Niegodziwość JP Jareckiego

Natenczas Wojski... Natenczas Wojski... Polityka Obserwuj notkę 23

Przeczytałem całkiem nienajgorszą  (hmm...hmm...) notkę Jareckiego  http://jpj.salon24.pl/706625,o-czym-mysli-kaczynski-czyli-trololo  dokonującego bezlitosnej wiwisekcji na pewnym gronie wymienionych nawet z nazwiska przodowników  myśli, słowa i pióra III RP oraz złotoustych wybrańcach narodu, dosłownie zatrzęsło mną ze zgrozy. Pomijam już  tę całą chmarę nadętych półgłówków Salonu24, całymi dniami skaczących z blogu na blog, zamęczając czytelników swoimi, co tu dużo mówić - jednak amatorskimi analizami myśli Jarosława Kaczyńskiego, absorbując przy tym uwagę nawet zdawałoby się całkiem rozsądnych komentatorów, nie wiedzieć dlaczego oddających się polemice z nacechowaną głupotą, chamstwem i złą wolą mierzwą.

  Jakże więc w tych okolicznościach mógł Jarecki nieludzkim zaniechaniem, czy powodowany złośliwością,  pominąć zupełnie osobę doktoryzowaną,  przez przychylną tej personie hultajską menażerię nazywaną notorycznie  ... profesorem?  Jestem poruszony i zdegustowany faktem, że wśród wymienionych profesjonalnych tłumaczy na nasze, czyli na ICH, snów, myśli i marzeń oraz milczenia Jarosława Kaczyńskiego, nie znalazł się w tekście Jareckiego najwybitniejszy, już dekadę świadczący usługi salonowi "tenkraju" mag, wróżbita i chiromanta, Radosław. Markowski Radosław.
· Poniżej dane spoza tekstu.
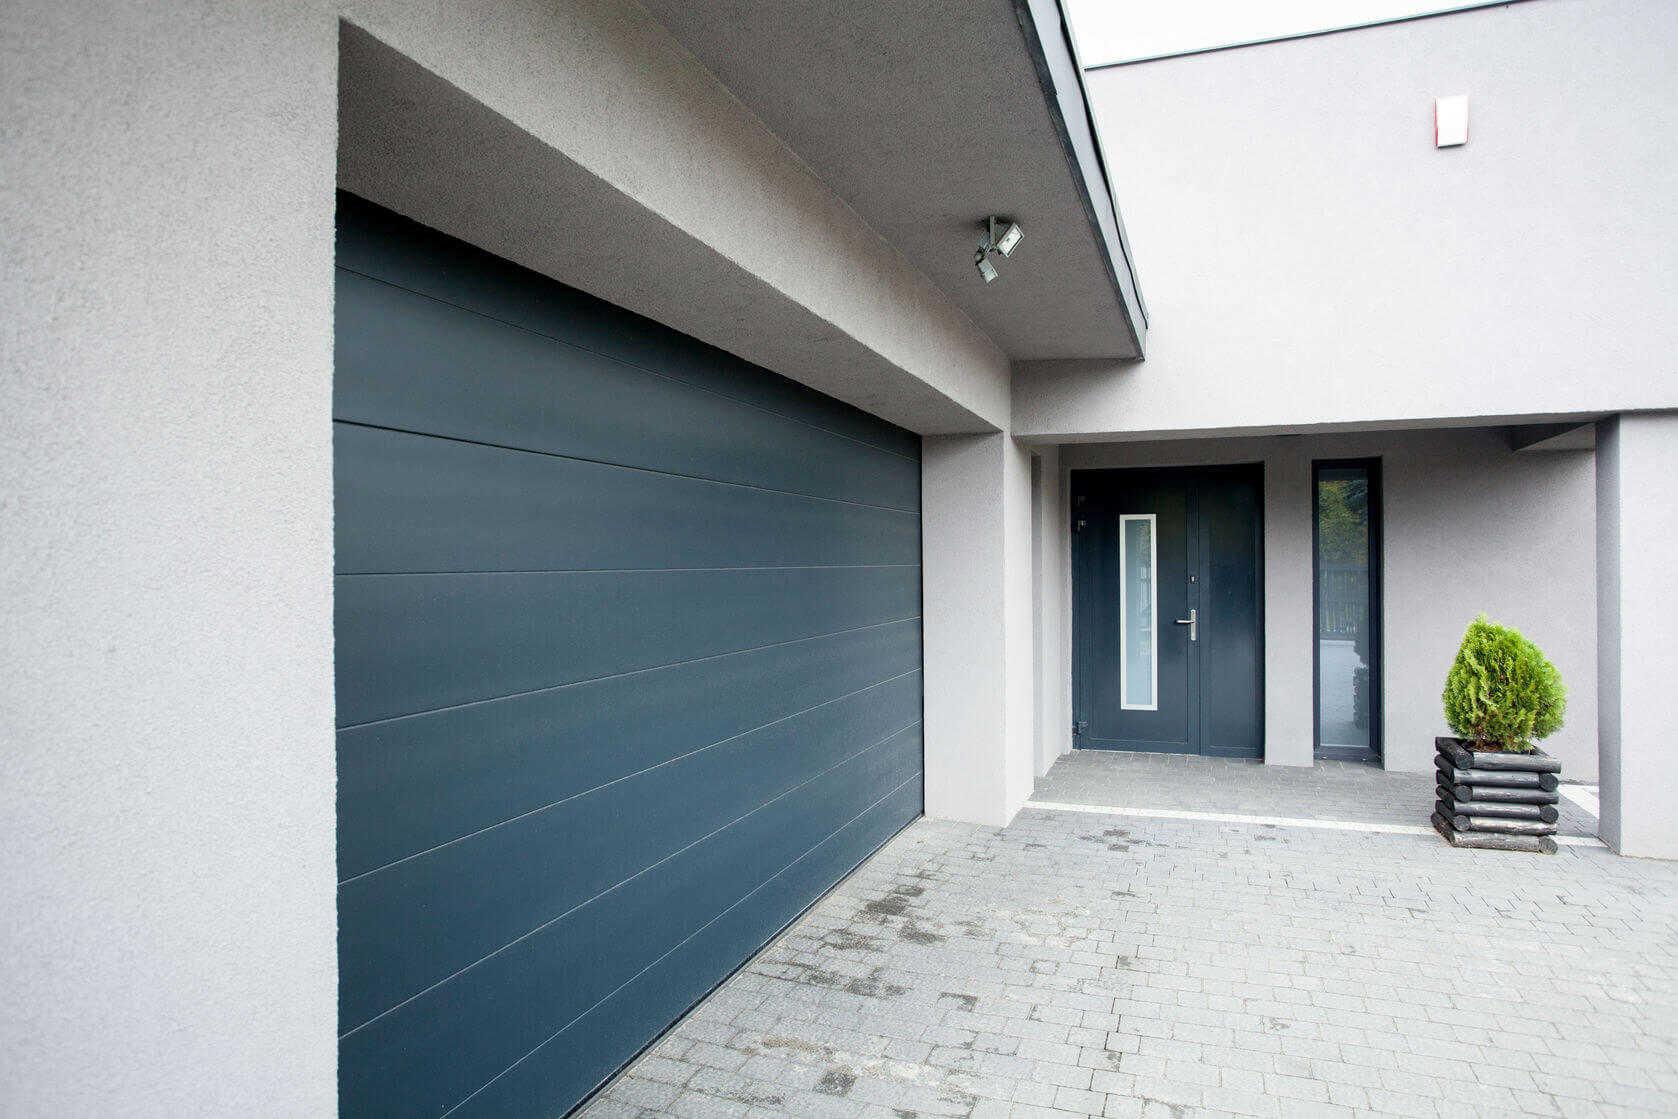 WorkAdvisor Devis Artisan Menuiserie Porte de garage Menuisier Rénovation Maison Appartement Cout Budget Travaux.jpg

Czy ktoś jeszcze pamięta ubiegłoroczny, wielomiesięczy seans Salon24TV ze wspomnianym kabalarzem w roli głównej w mrożącym krew w żyłach filmie pod tytułem: "PiS nigdy nie dojdzie do władzy"? Kilkakrotnie, już po wyborach 25 października, prosiłem tutejszą derekcję o retrospektywny przegląd seansów  Markowskiego, ale jak dotąd bezskutecznie, bo w Salonie24 chcieć to ja sobie mogę... Jak łatwo się domyślić, ta akurat wizja  utytułowanego naukowo wróżbity wzięła w łeb - nobody's perfect.

http://wiadomosci.gazeta.pl/wiadomosci/1,114873,8699376,_PiS_w_tej_formule__z_tym_liderem__nigdy_nie_dojdzie.html

Tymczasem, po okresie względnego spokoju, jasnowidz Radosław niepomny klęski powrócił i pokusił się o kolejną, opartą o szeroką naukową analizę myśli, marzeń i snów Kaczyńskiego, rządu, Prezydenta, wizję apokalipsy.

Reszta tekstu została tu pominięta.